When you buy through links on our site, we may earn a commission at no extra cost to you. However, this does not influence our evaluations.

The Hanyuan team from Tencent introduced HUNYUAN-A13BA new open source Great language model built on a sparse Mixture of experts (MOE) architecture. Although the model includes 80 billion parameters in total, only 13 billion are active during inference, offering a very effective balance between performance and the cost of calculation. He supports Watch out for the group request (GQA),, Context length 256Kand a Double -style reasoning framework which rocks between rapid and slow thought.

Designed for effective deployment and robust reasoning, Hunyuan-A13B obtains high-level performance through aging references, in particular BFCL-V3,, bench τ,, C3 benchAnd ComplexOften surprising larger models in tool call scenarios and long context.

Architecture: sparse MOE with active parameters 13B

Basically, Hanyuan-A13B follows a fine grain MOE design comprising 1 shared expert And 64 unrelated expertswith 8 experts activated by front pass. This architecture, supported by scaling experiences, guarantees the consistency of performance while maintaining low inference costs. The model includes 32 layers, uses Swiglu Activations, a vocabulary size of 128K and integrates GQA for improved memory efficiency during long context inference.

The MOE configuration of the model is associated with optimization training program: A 20T pre-training phase, followed by a rapid receipt and long-context adaptation.
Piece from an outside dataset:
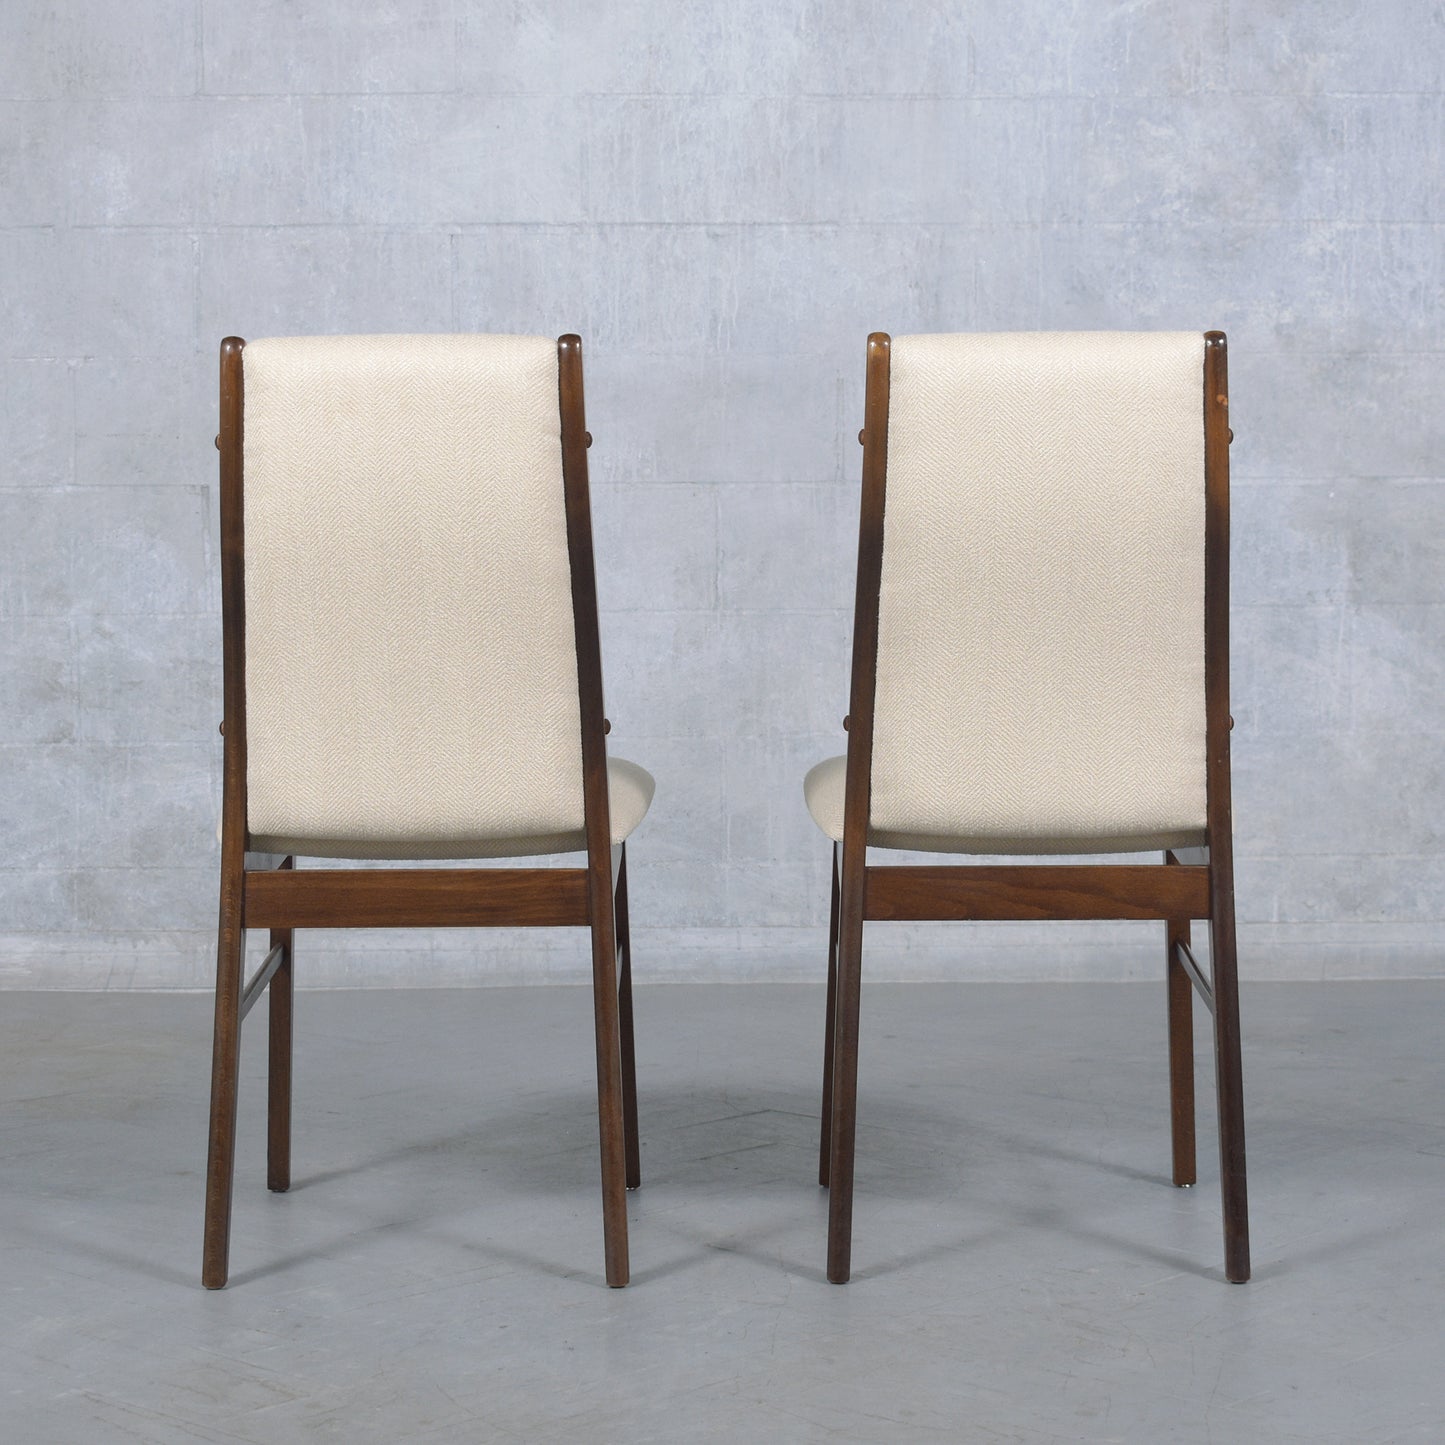 Restored Danish Modern Teak Dining Chairs: Sleek Elegance & Comfort

This last phase evolves the context window first at 32K then to 256K tokens using the positional coding of NTK-Aware, guaranteeing stable performance with long sequence length.

Double -style reasoning: fast and slow reflection

A remarkable characteristic of Hunyuan-A13B is its Double mode of thought chain (COT) ability. It supports both a low latency fast mode for routine queries and a more elaborate slow Mode for reasoning in several stages. These modes are controlled via a simple tag system: /no think for rapid inference and /think For reflective reasoning. This flexibility allows users to adapt the calculation cost to the complexity of tasks.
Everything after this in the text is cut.